Abstract
Plants’ Knowledge: Ontologies, Practices, and Relationships
What can philosophy say about plants? Also, what can reflections on plants add to the philosophical debate? Those are just two of the several questions that could arise when confronting the so-called “philosophy of plants”, a vibrant and relatively young field that attempts to investigate and deepen our understanding of botanical species from a philosophical viewpoint. Indeed, the answers to these questions can be various, since the philosophical perspectives on plants are manifold: from Critical Plant Studies to plant neurobiology, and passing through Traditional Ecological Knowledge, ethnobotany, and biosemiotics, there are several positions from which we can discuss about plants and investigate their role not only in ecosystems, but also within human (or, as we should call them, multi-species) societies. In this brief contribution, we will present the Dossier Plants’ Knowledge: Ontologies, Practices, and Relationships, underlining how the line that will link all the contributions will be plurality: a multitude of positions and perspectives, which best represents not only the contemporary landscape of plant philosophy, but also the structure of the plants themselves, which, unlike human and more-than-human animals, have a non (totally) centralised organization and growth. From the alterity of plants, a different form of knowledge can emerge, and this Dossier illustrates not only some of the reflections that philosophy can bring to plants, but also the consequences plant philosophy has beyond the plant world, providing some answers to the two questions that opened this abstract.
Continue this practice daily and you will no longer need a nose to smell or a mouth to speak. Your entire body will become an olfactory organ sniffing out the richly fragrant world around you. Indeed, the atmosphere is a collaborative ecology of volatile chemical signals to which you actively and volubly contribute. Take pleasure in the art of synthesizing and releasing complex bouquets of fragrance from your tissues. This is your way of telling the world what you are up to, moment to moment. You can talk to other plants and animals, reporting on the condition of your leaves, flowers and fruits. You will be able to lure pollinators and complain audibly about the damage done by feeding insects. Indeed, you not only feel insects crawling up your stem and slicing into your tissues, you can discern the distinct species eating your leaves by tasting the specific chemistry of its saliva. If you are quick you can synthesize volatile compounds to warn your neighbours so that they can prepare their tissues with toxins to keep the offending insects at bay. Or you could call out for help from other insects who will prey on these herbivores.
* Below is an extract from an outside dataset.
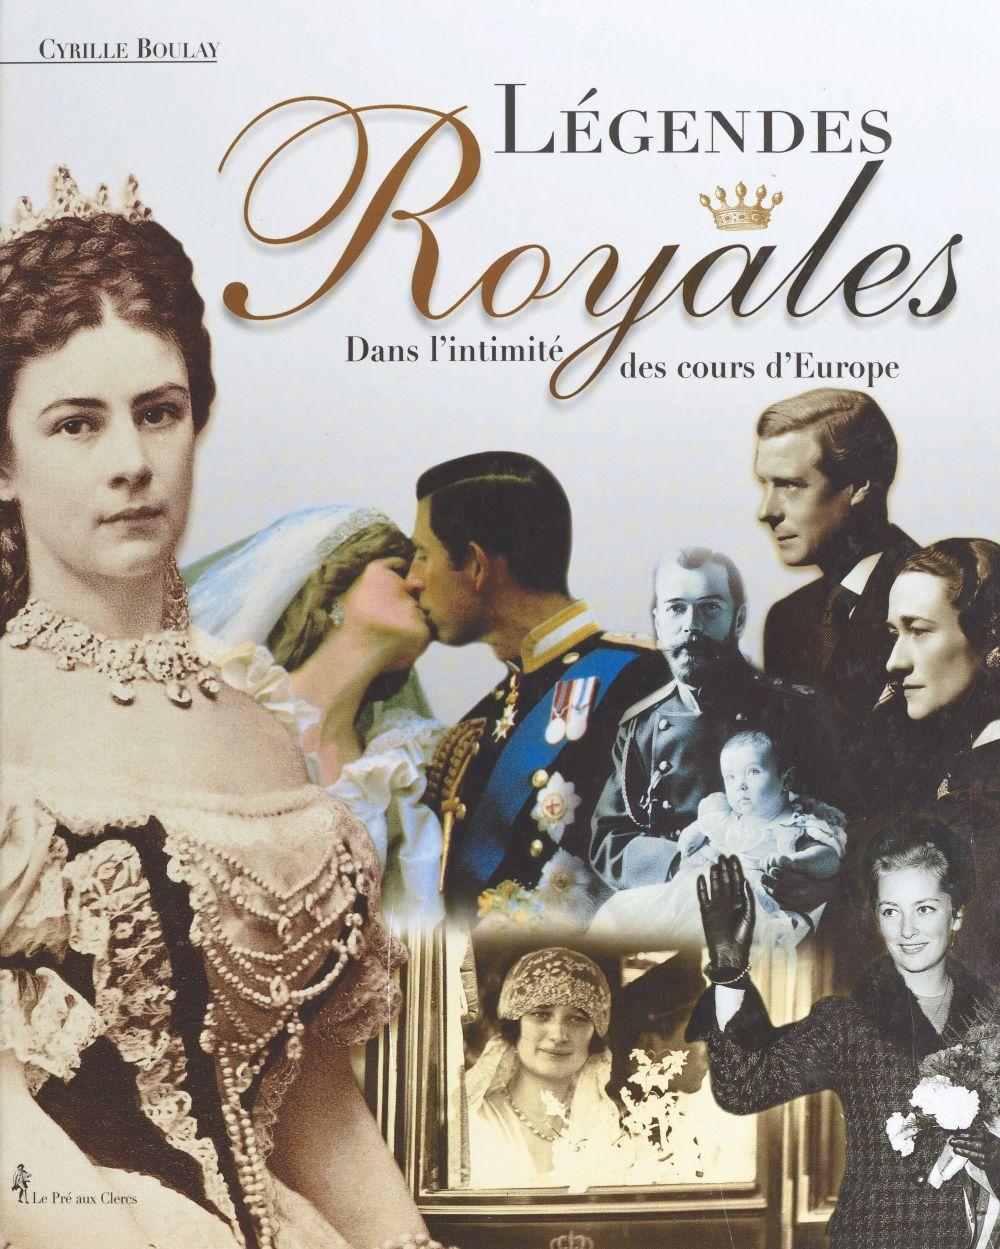 Légendes royales : dans l'intimité des cours d'Europe

Soon you will discover that you are an effusive catalyst at the centre of an affectively charged chemical ecology.
Myers, Sensing botanical sensoria[1]
Philosophy of plants is a new frontier in Western theoretical thinking. Although it is a relatively recent field of study, it is enriched by several (and sometimes at odds) perspectives. Critical plant studies and plant neurobiology, for instance, enhance debates on environmental philosophy and ethics with different proposals, but share a common idea: the lives of plants matter and should be explored and discussed by philosophy. From various angles, plant philosophers are attempting to investigate the concept of “vegetality,” intersecting with both biological and cultural studies. As Stefano Mancuso provocatively suggested, “the Nation of Plants does not recognise animal hierarchies, based on command centres and concentrated functions, and favours widespread and decentralised plant democracies”[2], enforcing the idea that plant structures and organisations are radically different from animal and human life. If, on the one hand, the terms “animal” or “plant” in biology include a large number of living beings very different from each other (as Alessandro Minelli notes, we cannot identify an “animality”[3] given the heterogeneity of organisms within the animal kingdom, and consequently we add that there is neither a “vegetality” given the equally heterogeneous plant world), in philosophy these words represents precise categories with historically established boundaries. It is explanatory, in this sense, what Helmuth Plessner wrote in the fifth chapter of Levels of Organic Life and the Human:
[…], in ideal terms, the animal and the plant are strictly distinct from each other in their modes of organization, which is why there may be many properties in which they only differ from each other by degrees and in some areas may even coincide. A purely empirical distinction between plants and animals will always run into great difficulties because it will not be able to simply pass over the existence of transitional forms[4].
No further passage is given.